At the line that holds "Mister International 2022", start repeating, and keep going exactly through the final line of the material; include both ends and skip the pictures.

- _The data_
----

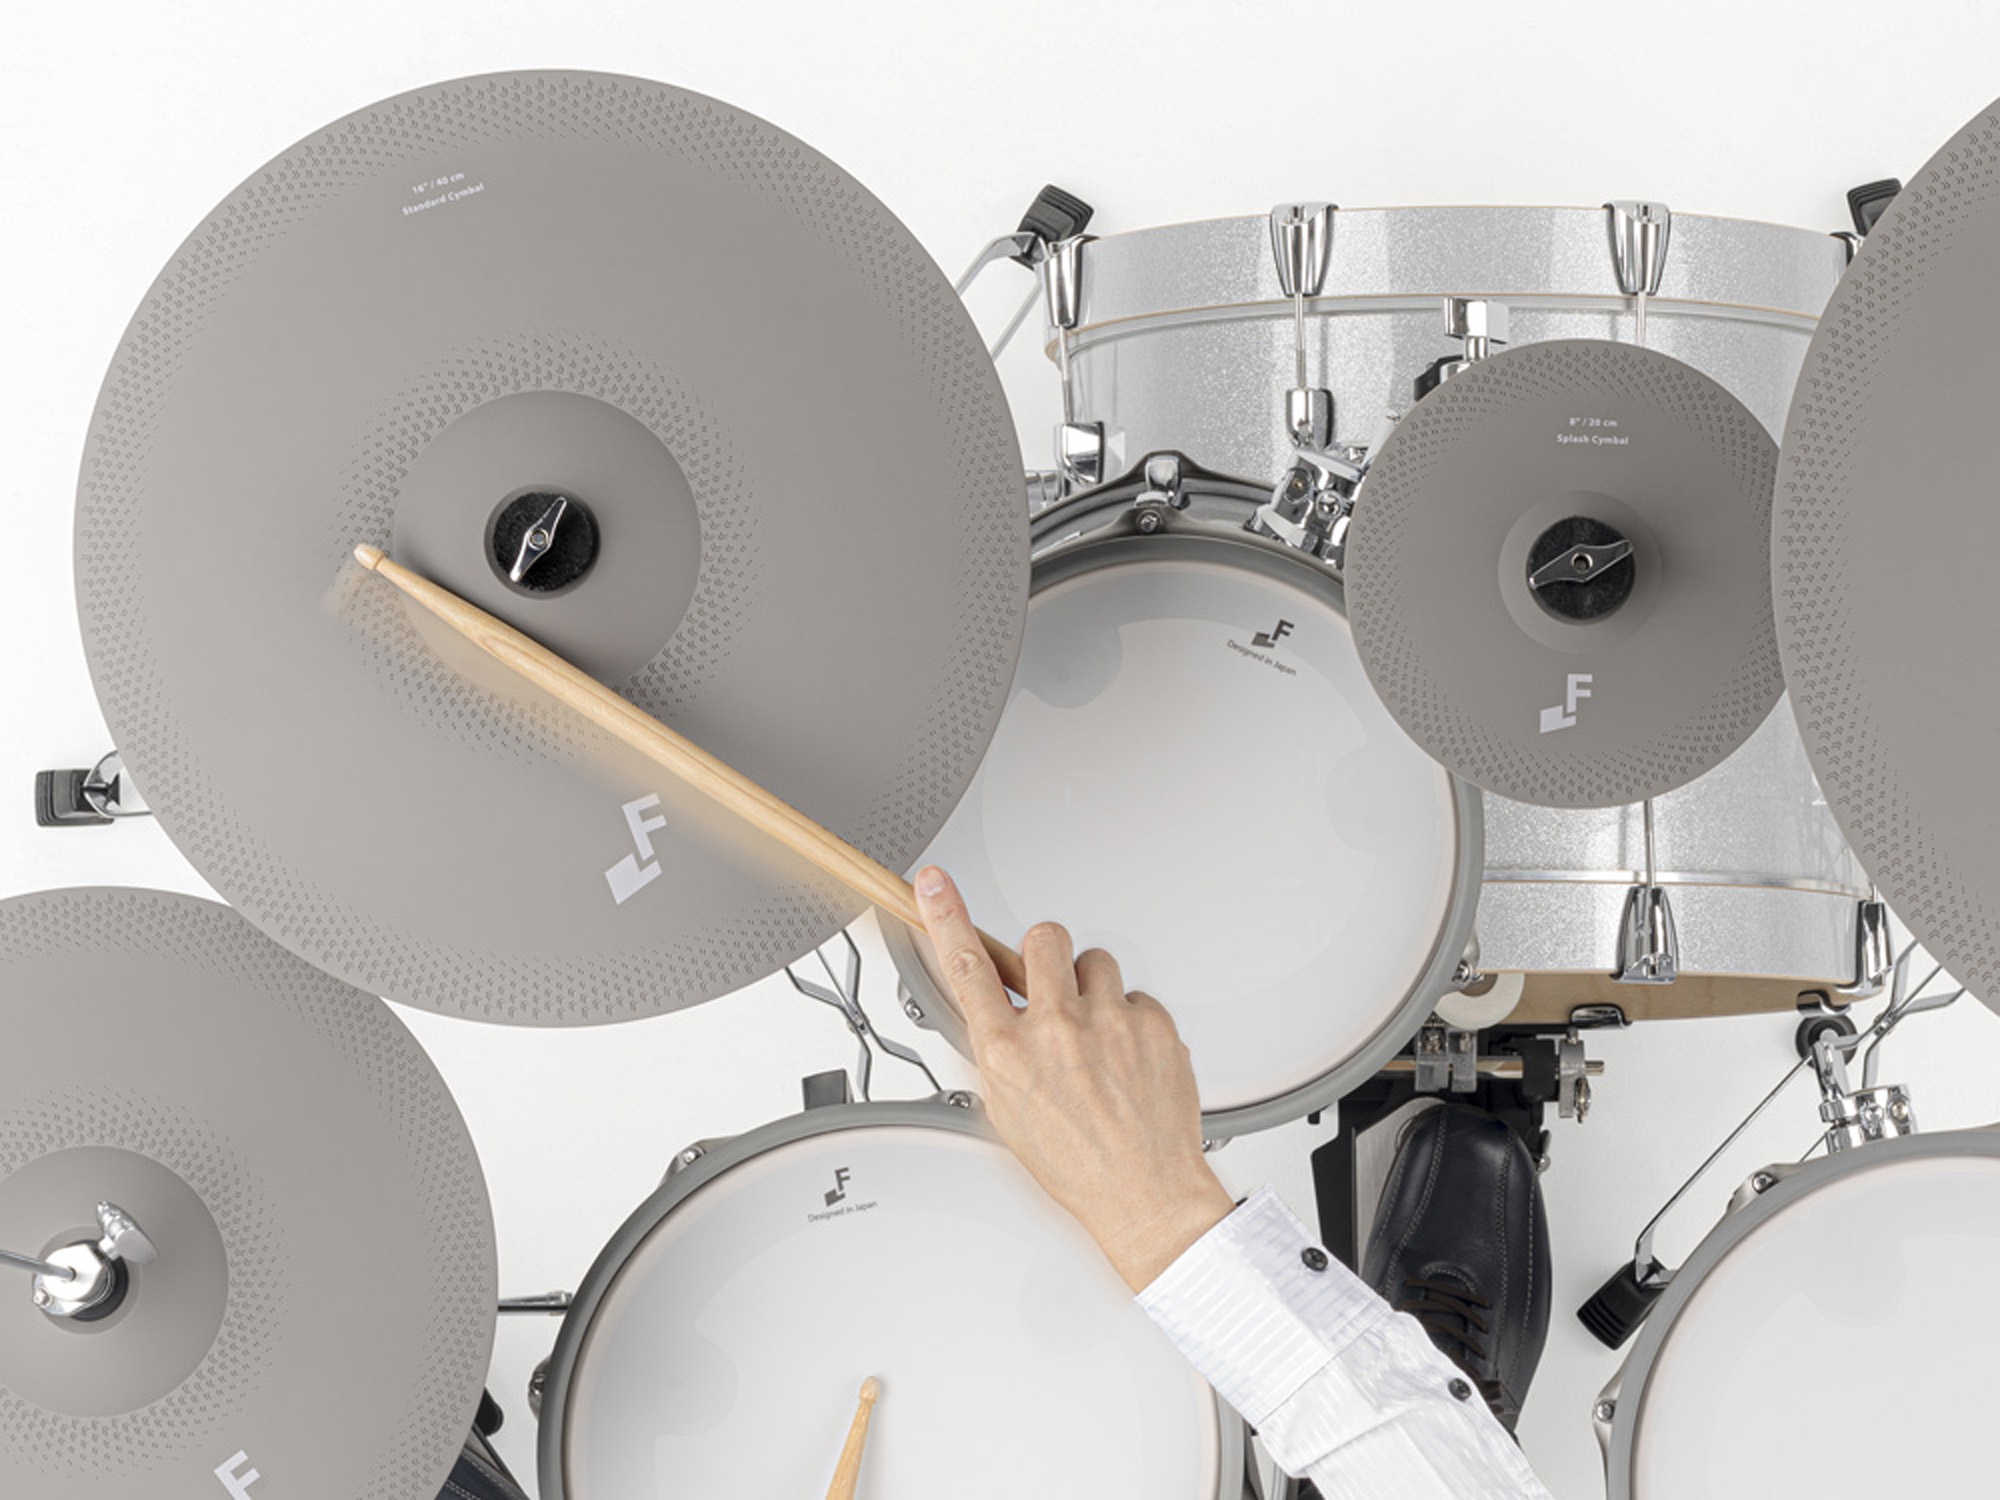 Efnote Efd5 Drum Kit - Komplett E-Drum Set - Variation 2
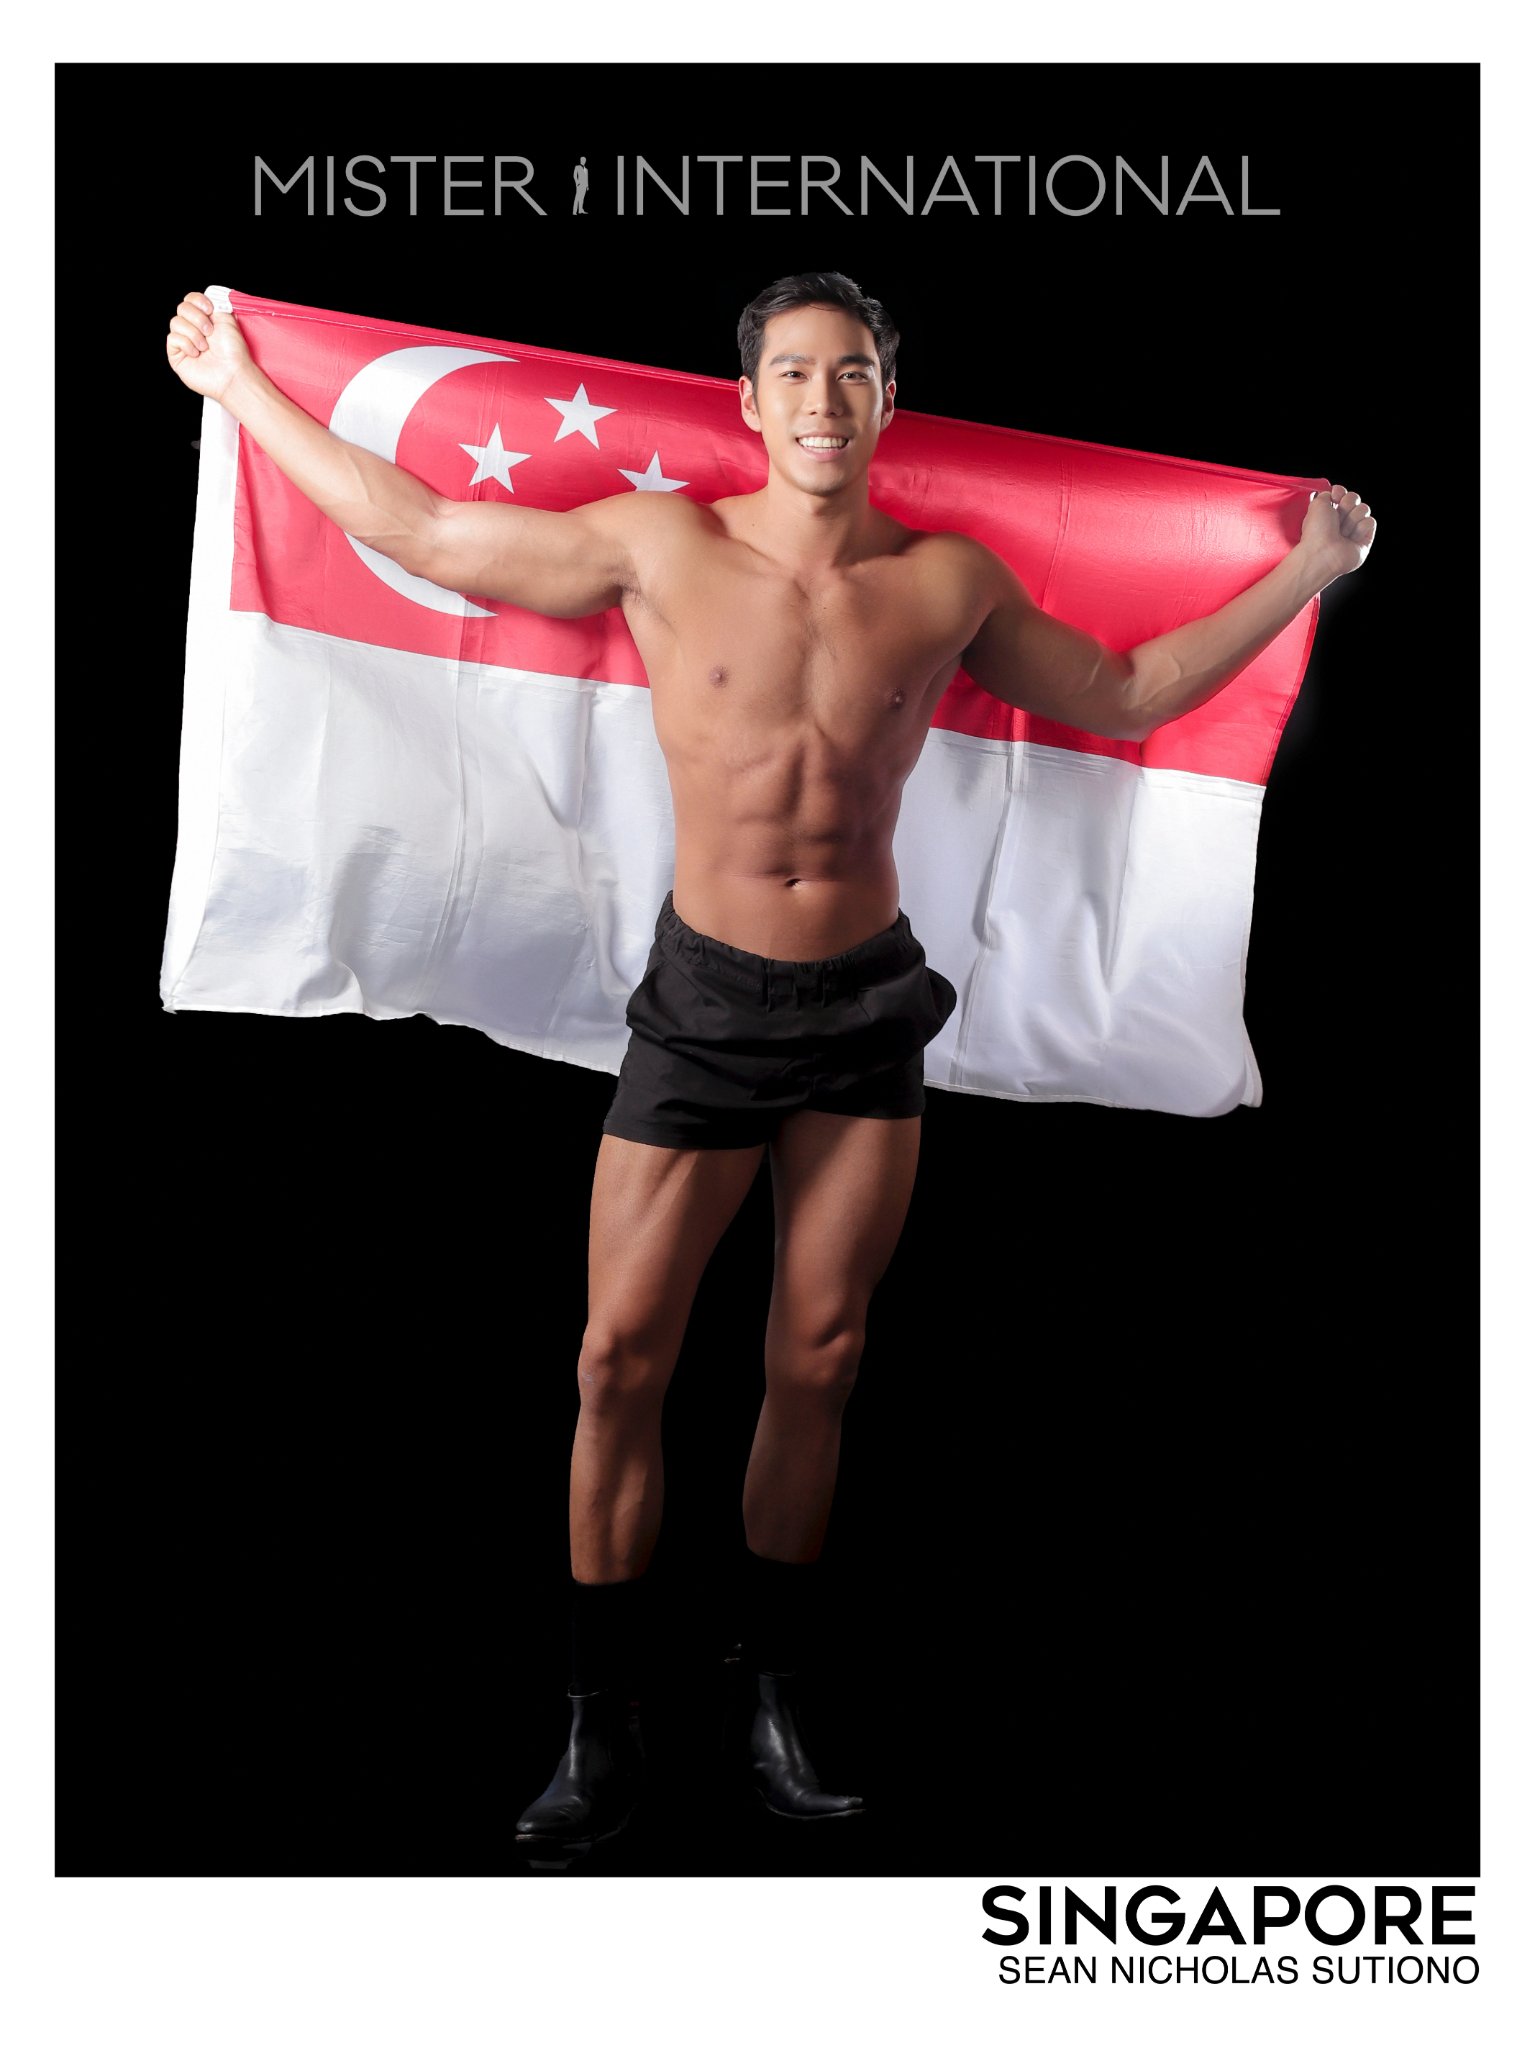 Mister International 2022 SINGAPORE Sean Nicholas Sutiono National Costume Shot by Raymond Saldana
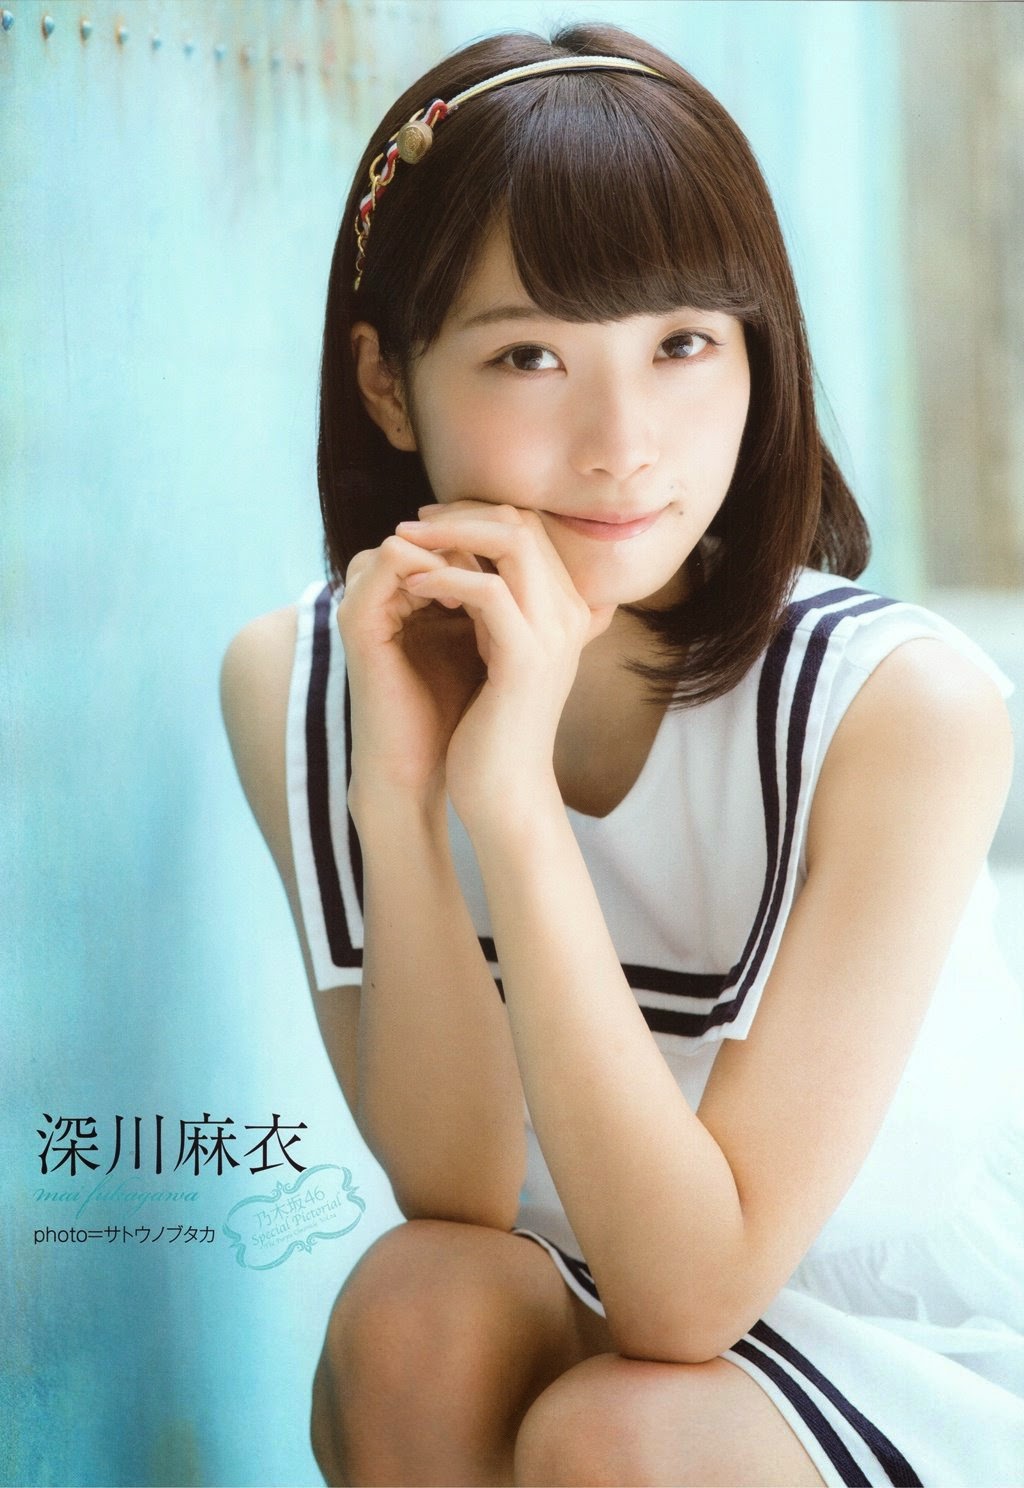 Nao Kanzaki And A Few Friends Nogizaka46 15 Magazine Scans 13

----

- _Response to the task_
 Mister International 2022 SINGAPORE Sean Nicholas Sutiono National Costume Shot by Raymond Saldana
 Nao Kanzaki And A Few Friends Nogizaka46 15 Magazine Scans 13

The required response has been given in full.